In [1]:
from IPython.display import display, Markdown, Latex
display(Markdown('*some markdown* $\phi$'))

*some markdown* $\phi$

# (Linearly) Optimising Fantasy Premier League Teams 

I've been messing around with forecasting and optimisation tools for the fantasy premier league game for a few years. It's a really rich problem and I've more than once transferred tools from FPL to real-world projects.

Being good at fantasy football may seem to be all about accurately predicting player performances, however even with perfect forecasts, the problem of selecting the optimal team is not easy -- mostly you decide on a bunch of players, shuffle them in and out of the team until you get the budget right. Introducing strategies involving transfers over several weeks adds another layer of complexity.

In this post, I will show how to optimally select an FPL team given perfect player score forecasts. Later posts will address transfer strategies, ways to correctly deal with forecast uncertainties, how to construct useful forecasts and how they interact with team optimisation.

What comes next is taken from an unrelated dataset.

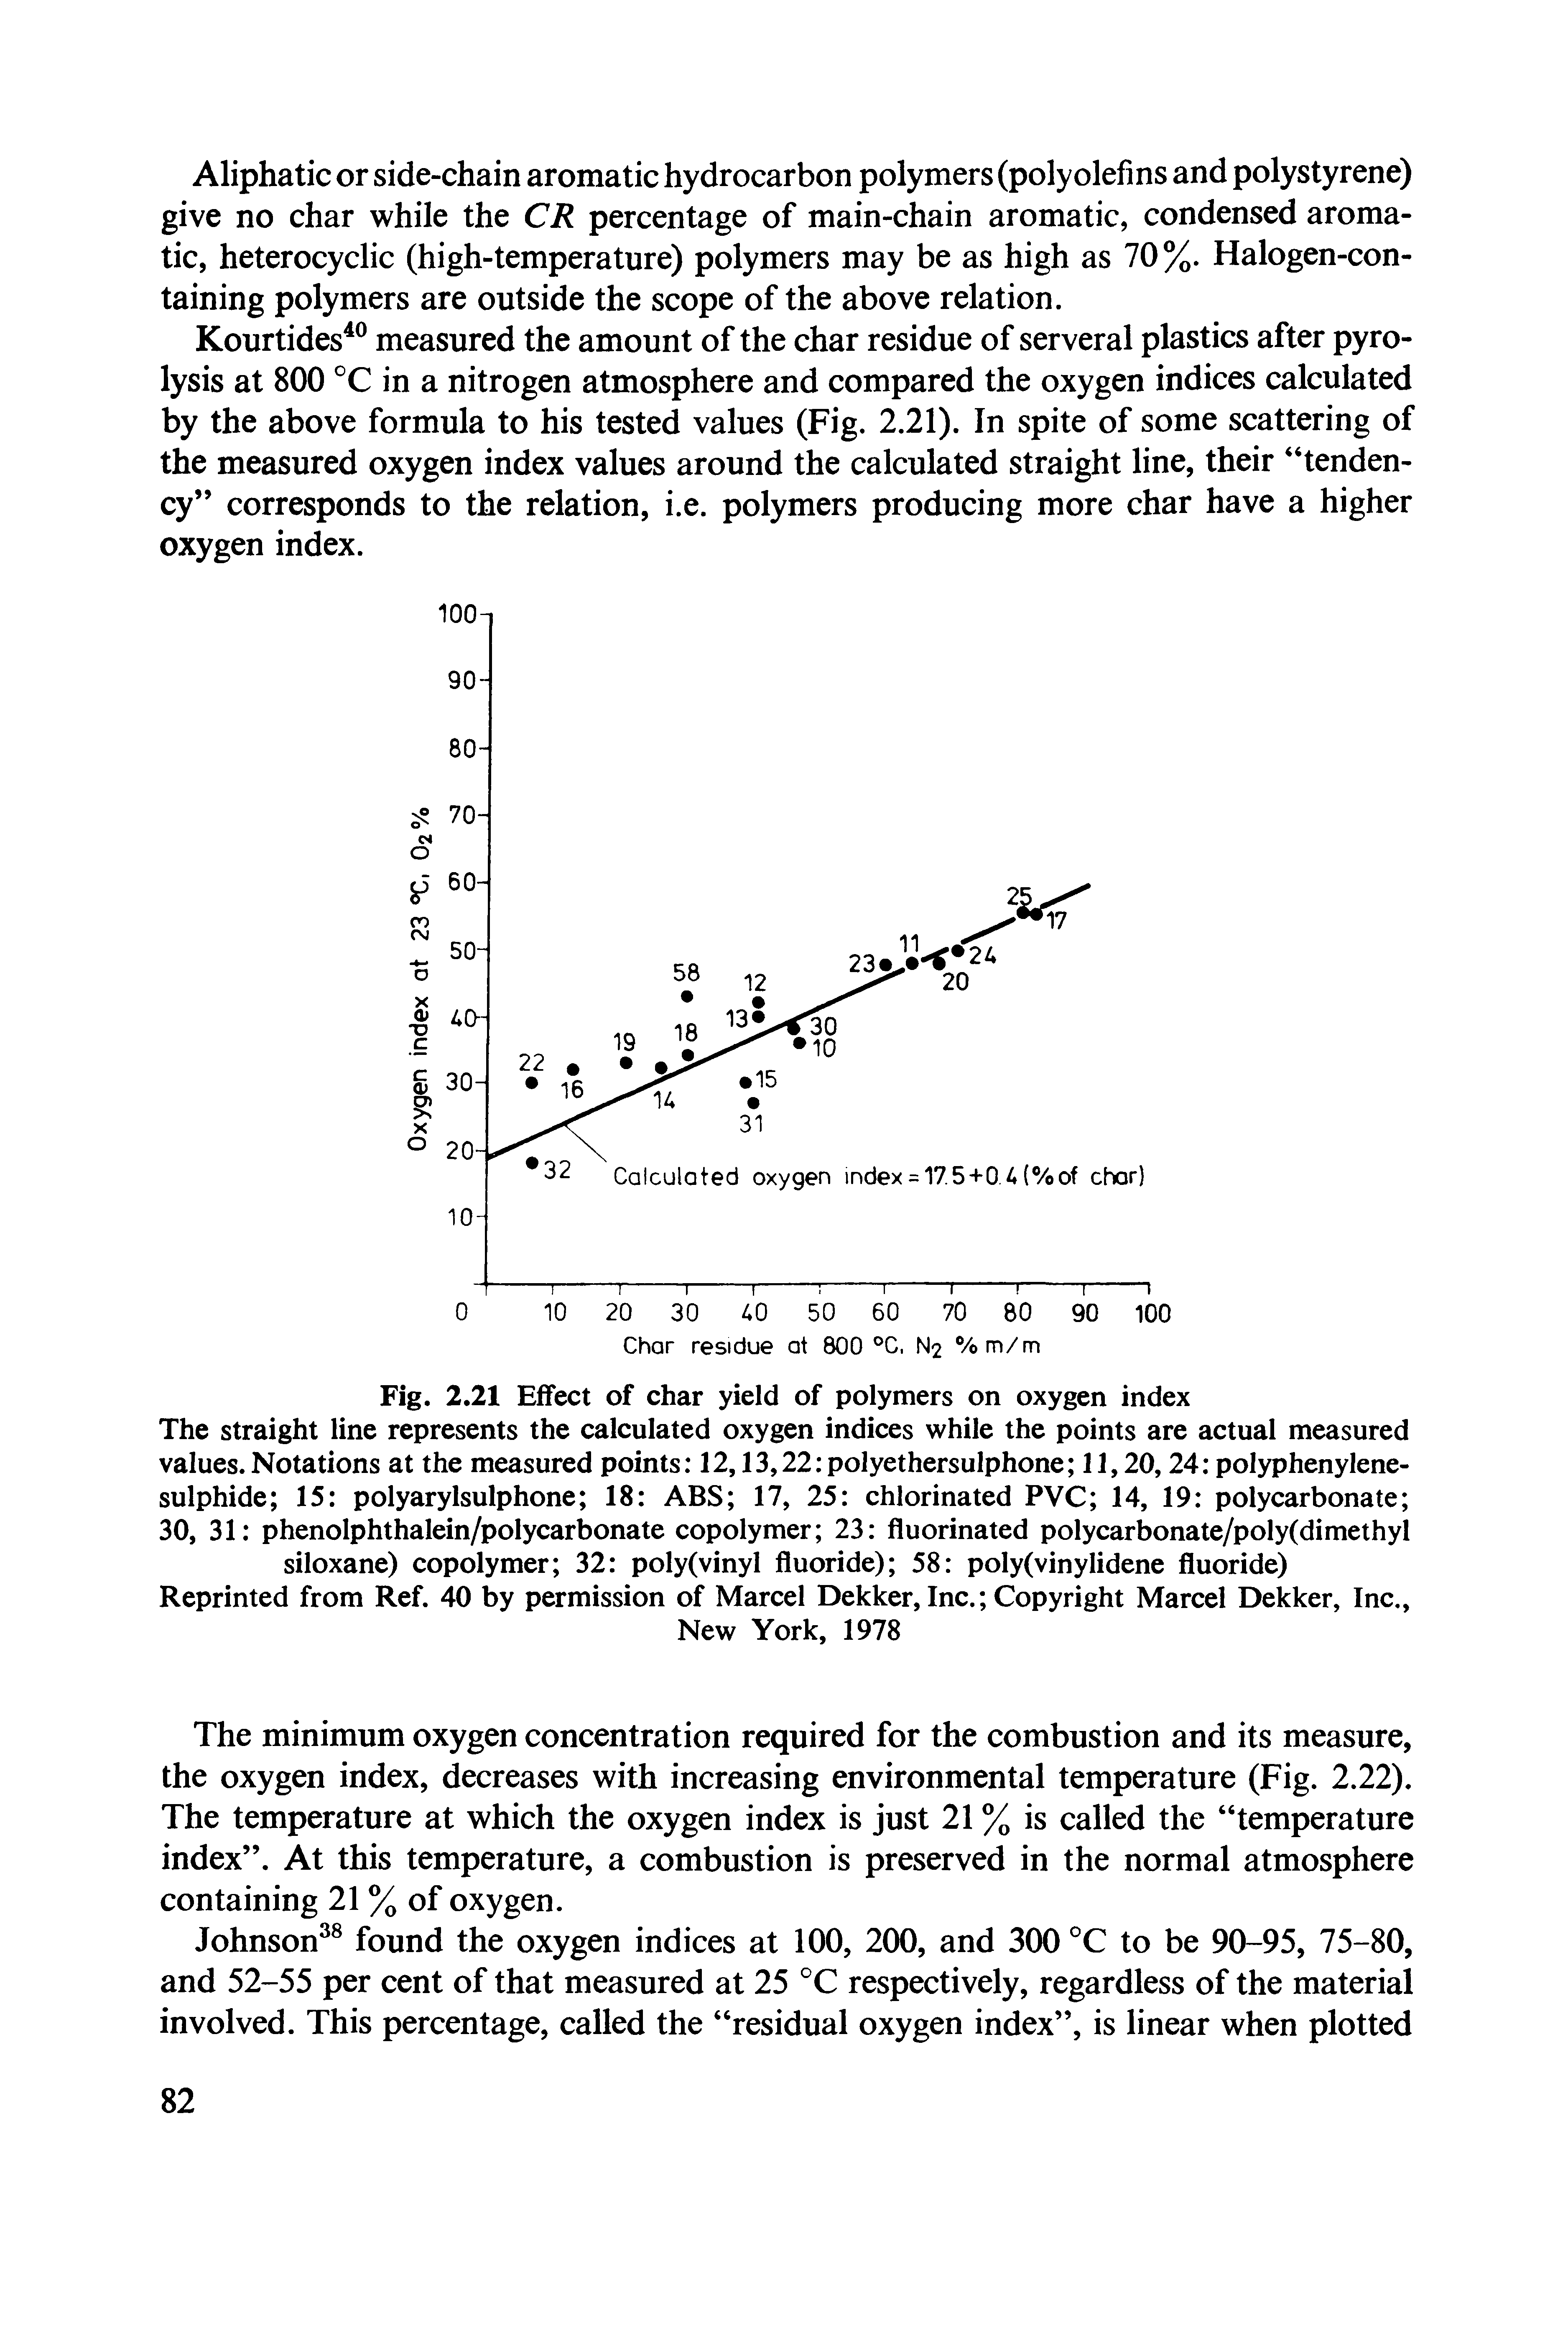 Fig. 2.21 Effect of char yield of polymers on oxygen index The straight line represents the calculated oxygen indices while the points are actual measured values. Notations at the measured points 12,13,22 polyethersulphone 11,20,24 polyphenylene-sulphide 15 polyarylsulphone 18 ABS 17, 25 chlorinated PVC 14, 19 polycarbonate 30, 31 phenolphthalein/polycarbonate copolymer 23 fluorinated polycarbonate/poly(dimethyl siloxane) copolymer 32 poly(vinyl fluoride) 58 poly(vinylidene fluoride) Reprinted from Ref. 40 by permission of Marcel Dekker, Inc. Copyright Marcel Dekker, Inc.,...

In this post I'm going to show you how to select optimal Fantasy Premier League teams using a type of simple constrained optimisation called a linear program. I first saw someone try this in a Reddit post a few years ago, so credit to whoever wrote it.

## Linear Programming
A linear program allows the efficient exact optimisation of a objective function subject to constraints, **where the objective function and the constraints are linear in the decision variables**. This is a really broad class of problems, and these things are used all over the place.

The beautiful thing about an LP is that once you've managed to write down a linear objective and constraints, you've already finished. Just plug it into a solver and wait for your Nobel prize / acquisition by Google.

## An Example

An example of an integer linear program is as follows:

**objective function**:

$F = \sum_{i=0}^{N}x_i V_i$

**constraints**:

$\sum_{i=0}^{N}x_i C_i \le 100$

$\sum_{i=0}^{N}x_i \le 10$

This describes the following problem:
There are $N$ different items in a shop, each with an associated cost $C_i$ and value $V_i$. We indicate whether we buy each item or not with a binary variable $x_i$, so we have 100 variables in total. We want to maximise the total value of the items we buy. However:
1. we can only spend 100 pounds
2. we can only buy up to 10 items

## PuLP

PuLP is a linear programming library in Python. It allows you to write down an objective function and constraints in a very intuitive way and instantly solve them. Let's see an example with the above problem.

In [2]:
import pulp
import numpy as np

# random fake data for costs and values
costs = np.random.uniform(low=5, high=20, size=100)
values = costs * np.random.uniform(low=0.9, high=1.1, size=100)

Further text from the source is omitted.